In the study comparing different ensemble approaches for image retrieval, the proposed method – which independently trains transformation models for each gallery model and then averages these transformed embeddings – was set against several alternatives. The end-to-end averaging method, one of these alternatives, simultaneously trains all transformation models. It integrates the transformation and averaging processes in an attempt to directly learn an averaged embedding representation during training. However, this approach might overlook the unique characteristics that individual models contribute to the ensemble.

Building on this concept, the weighted end-to-end averaging method introduces weights to the averaging process. In this method, each transformation model contributes a scalar value, influencing the final embedding’s composition. This approach aims to recognize and incorporate the varying levels of importance of different models based on their individual contributions, potentially leading to a more nuanced combination of embeddings.

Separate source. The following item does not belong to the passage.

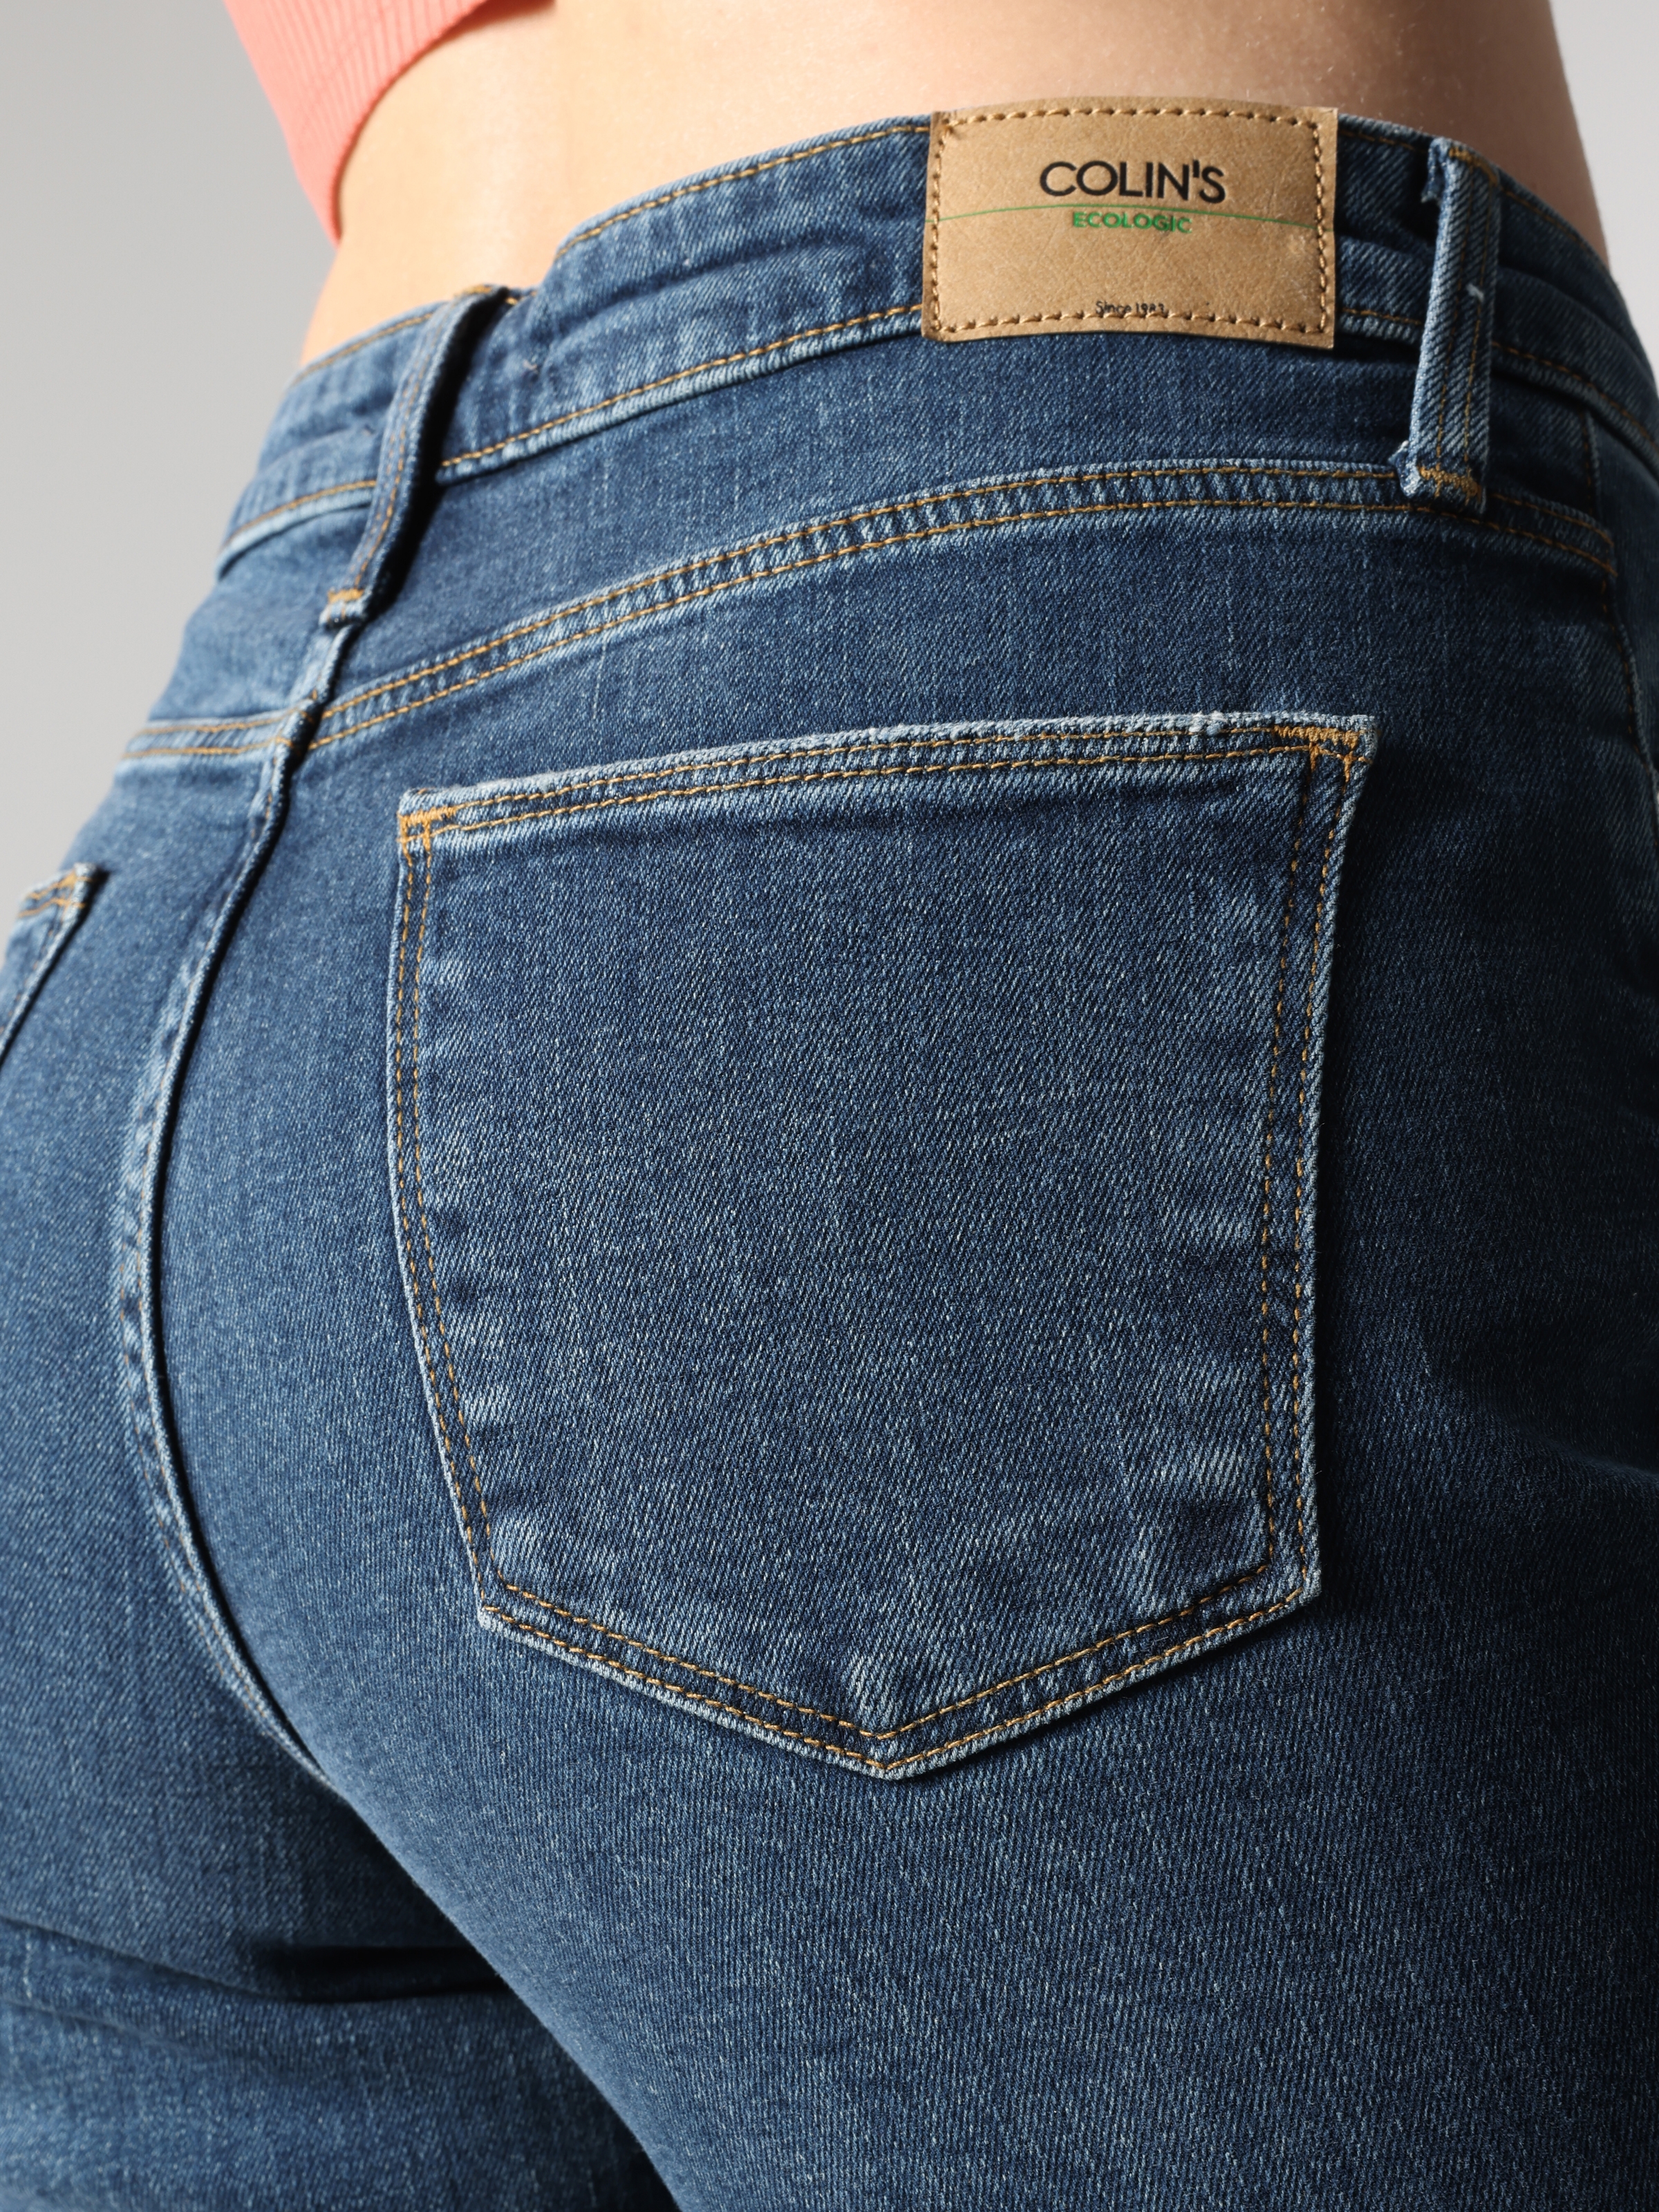 Afficher les détails de Pantalon Femme 891 Maya Coupe Slim Taille Moyenne Jambe Fuselée Bleu
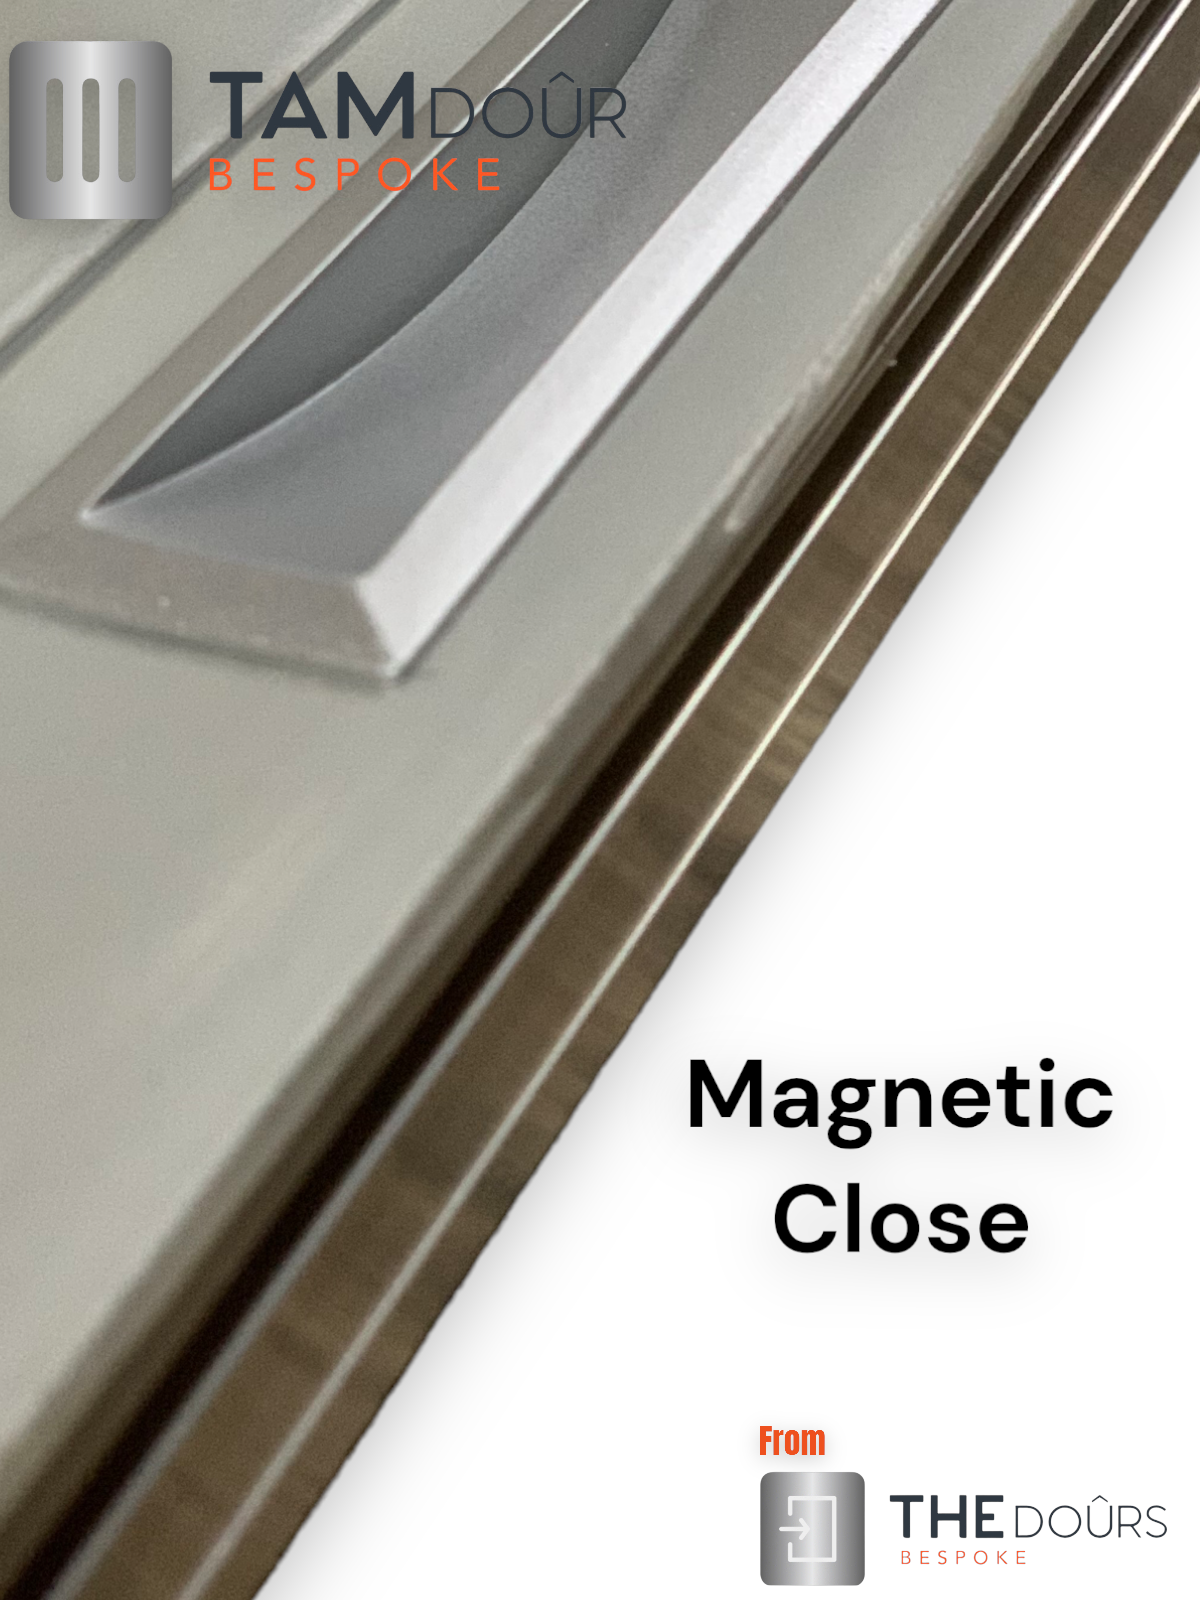 Kit de puerta Tambour Silver - MANGO BLANCO 1500 mm a 2000 mm de altura

Another alternative, the concatenation approach, starts by combining all gallery embeddings into one comprehensive representation. This combined representation is then dimensionally reduced and transformed to align with the query model’s embedding space, striving to create a unified representation from all gallery models before transformation.

In comparison, the results favored the proposed method. Its approach of treating each transformation model as an independent contributor and then combining their outputs proved more effective in optimizing ensemble performance. This superiority is attributed to its ability to better capture and amalgamate diverse representations from each model, enhancing accuracy and reliability in image retrieval tasks.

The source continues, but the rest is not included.